AIM OF THE EXERCISE :: Below are the records; extract from them the line containing "LEGO Mixels 41528 Niksput Building Kit" to the line containing "Bildnismaler des 18.", both lines included, exactly and with no pictures.

DATA UNDER STUDY ::
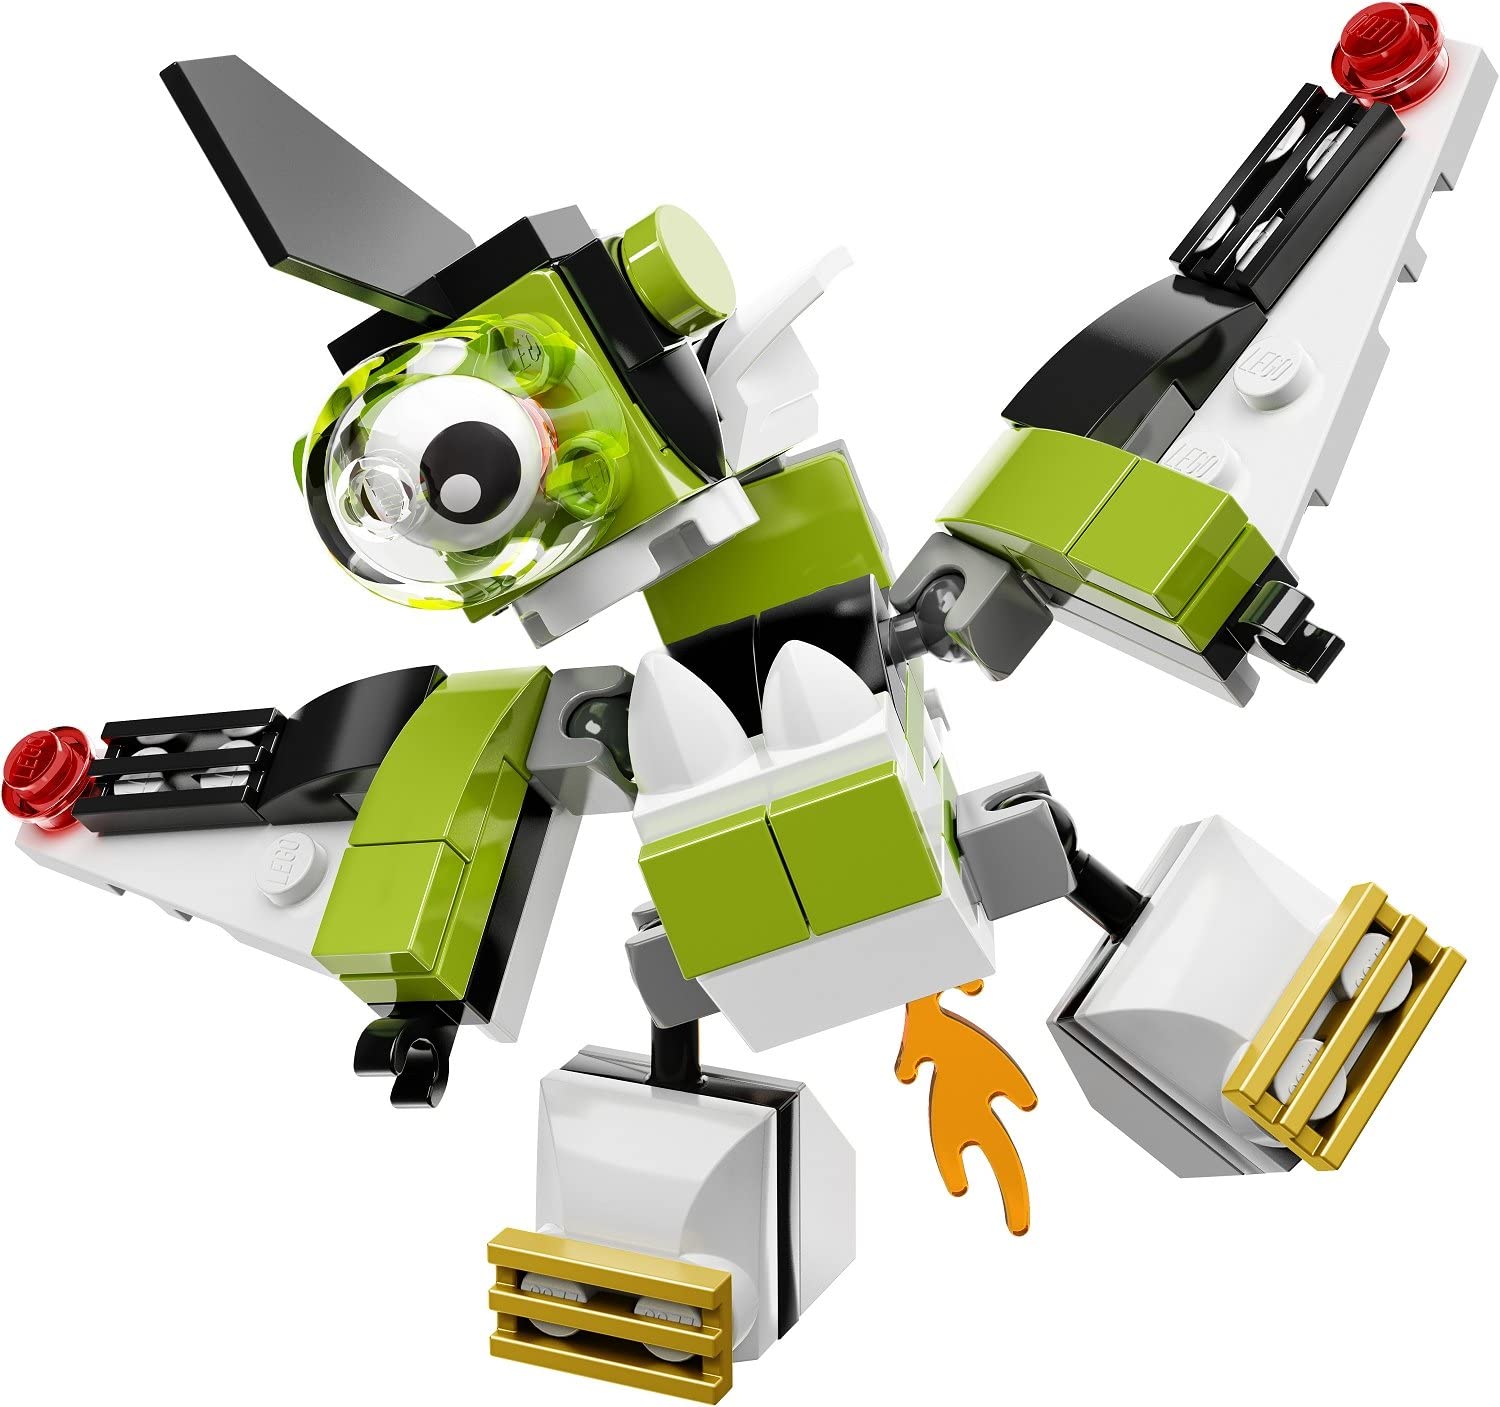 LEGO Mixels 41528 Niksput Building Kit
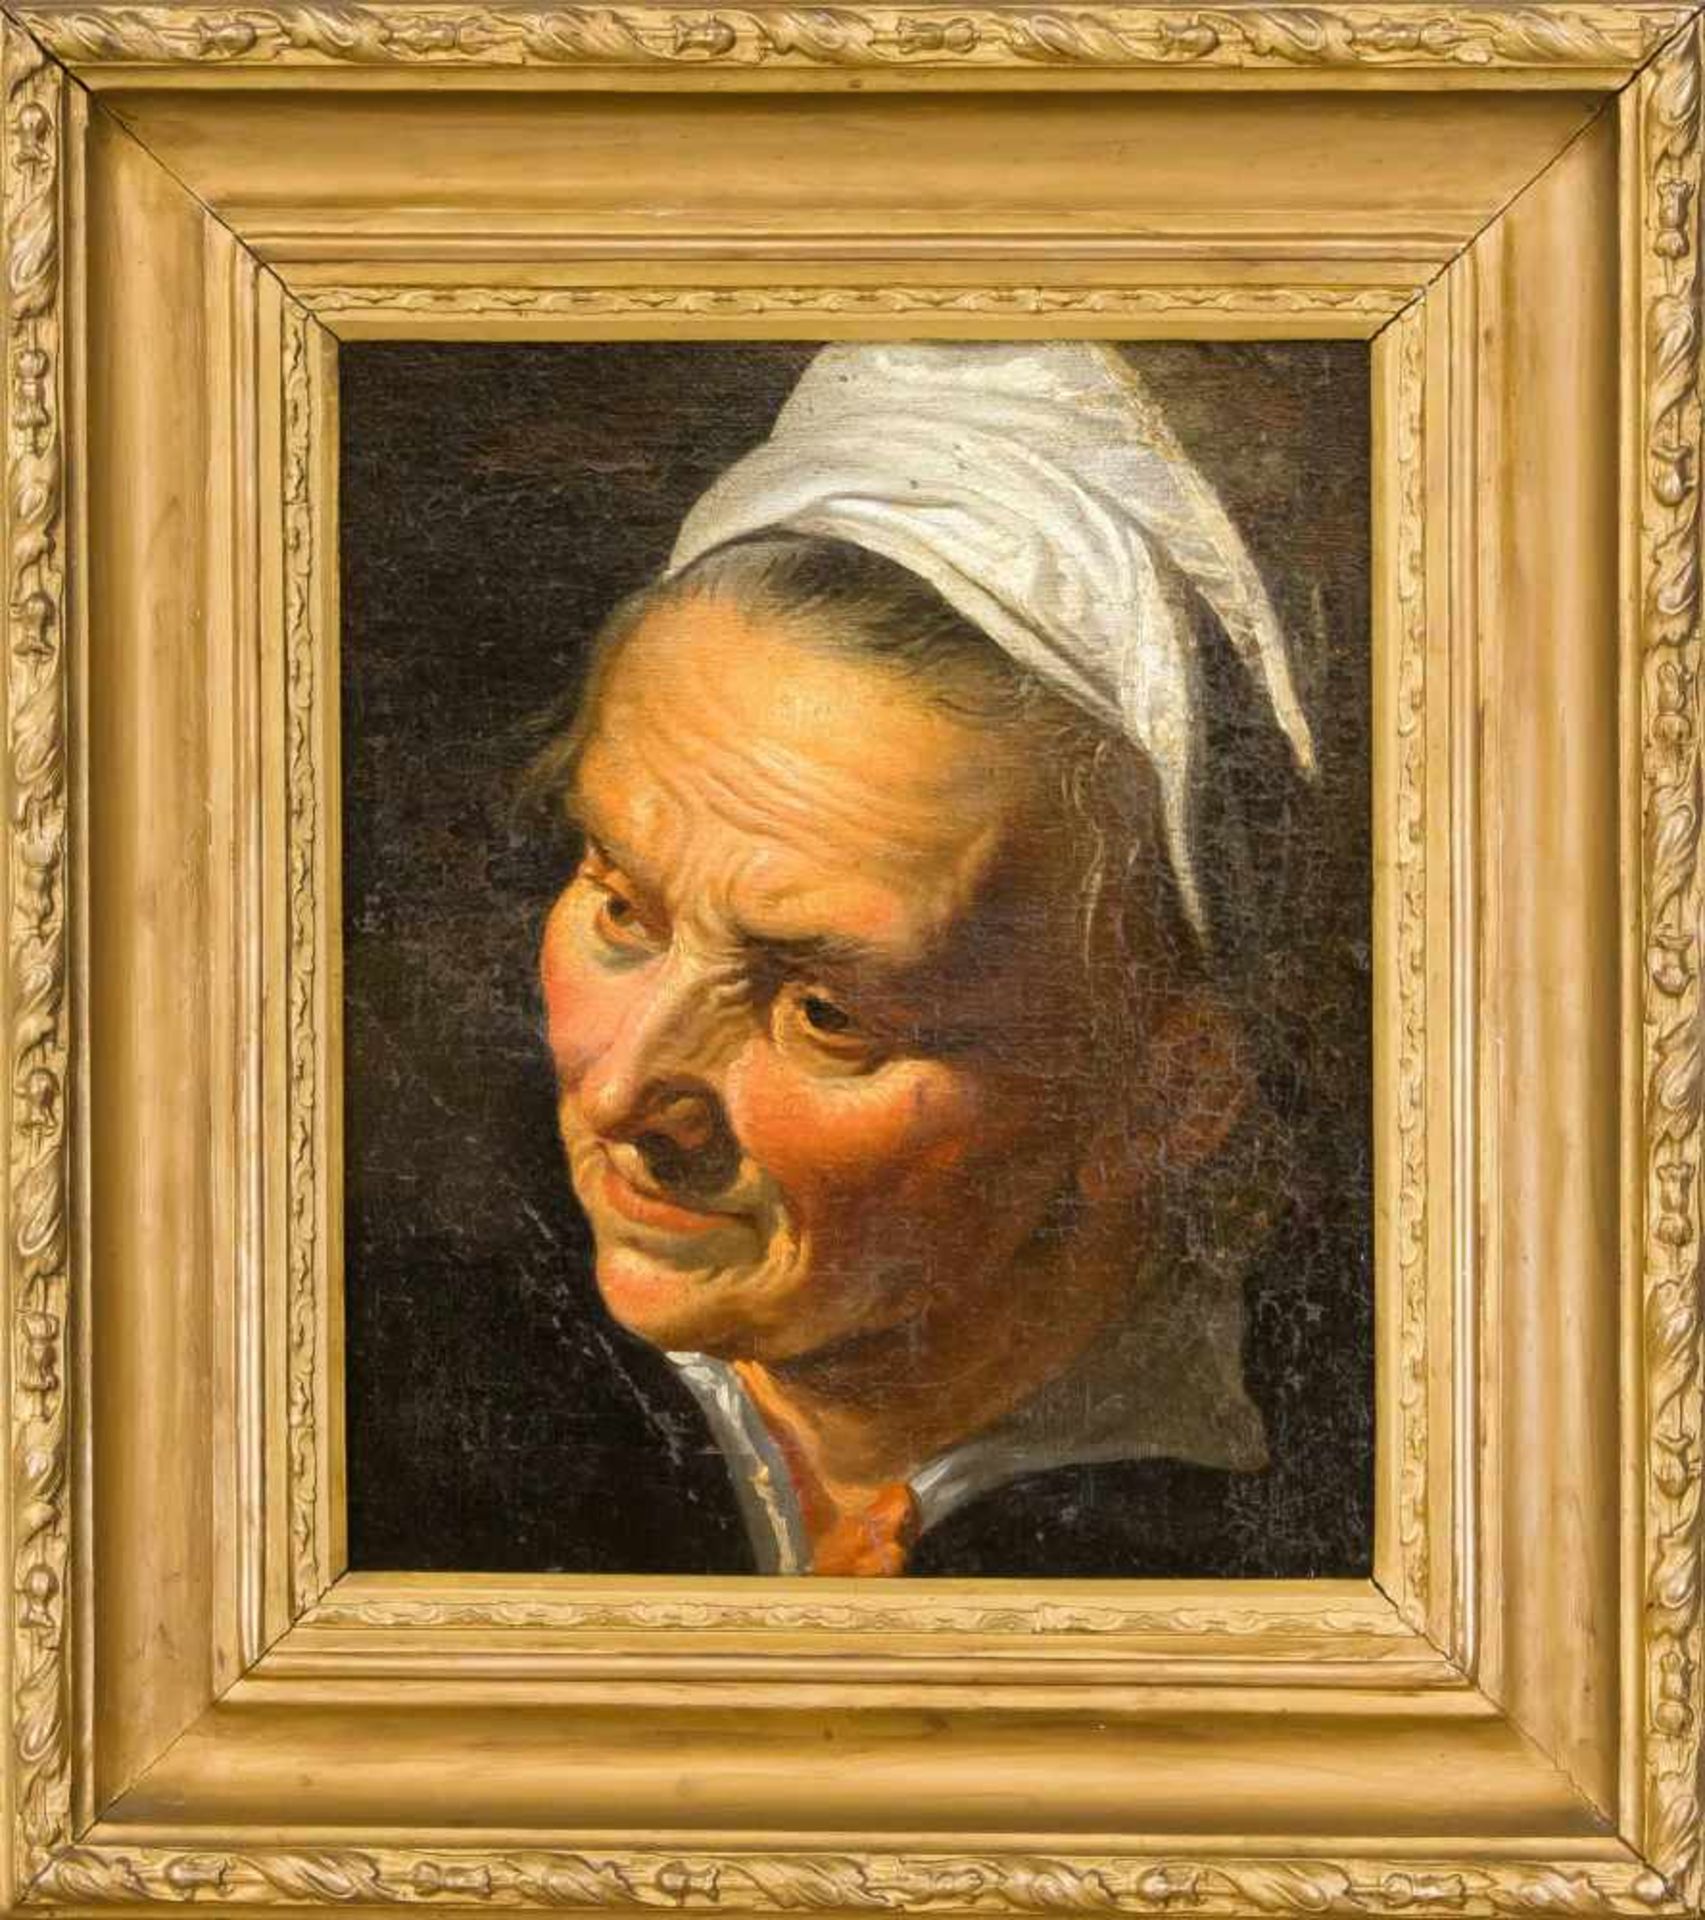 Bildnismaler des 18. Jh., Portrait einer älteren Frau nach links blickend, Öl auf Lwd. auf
---
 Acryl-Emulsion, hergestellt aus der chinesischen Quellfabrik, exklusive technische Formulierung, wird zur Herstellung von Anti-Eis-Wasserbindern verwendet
...
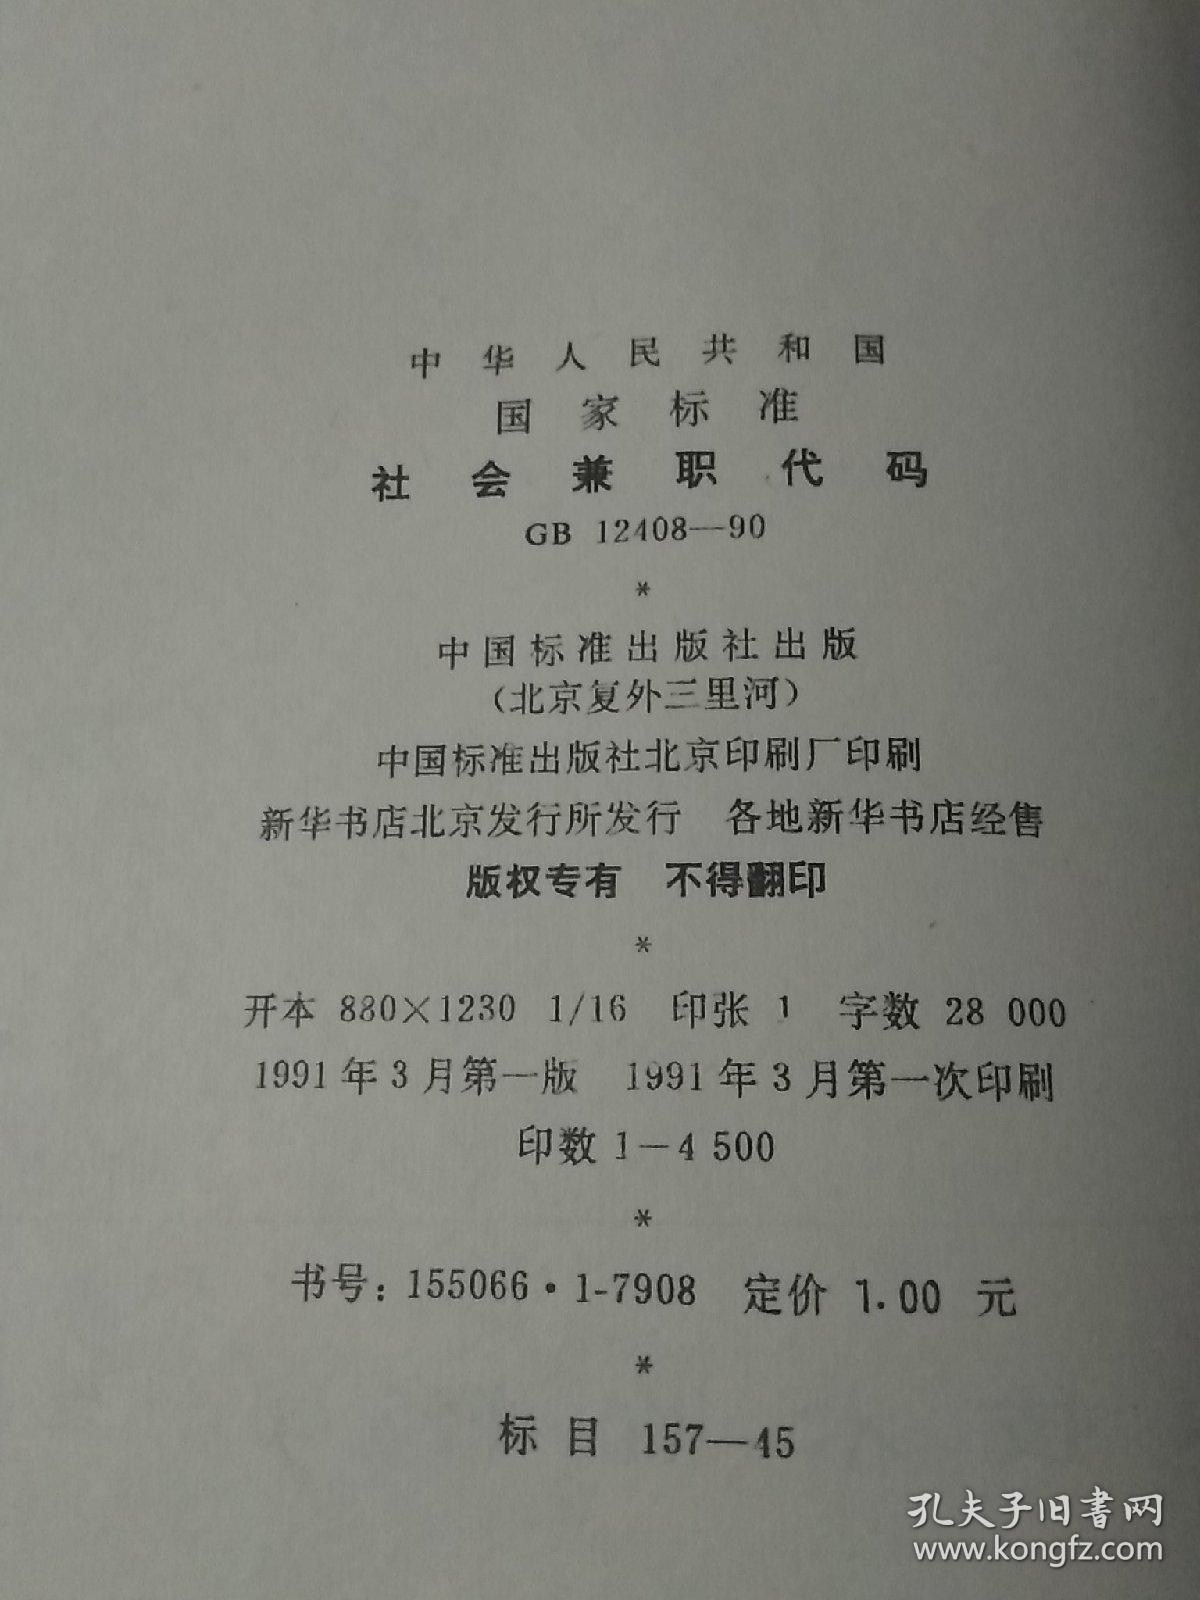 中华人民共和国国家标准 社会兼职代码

RESPONSE AREA ::
 LEGO Mixels 41528 Niksput Building Kit
 Bildnismaler des 18. Jh., Portrait einer älteren Frau nach links blickend, Öl auf Lwd. auf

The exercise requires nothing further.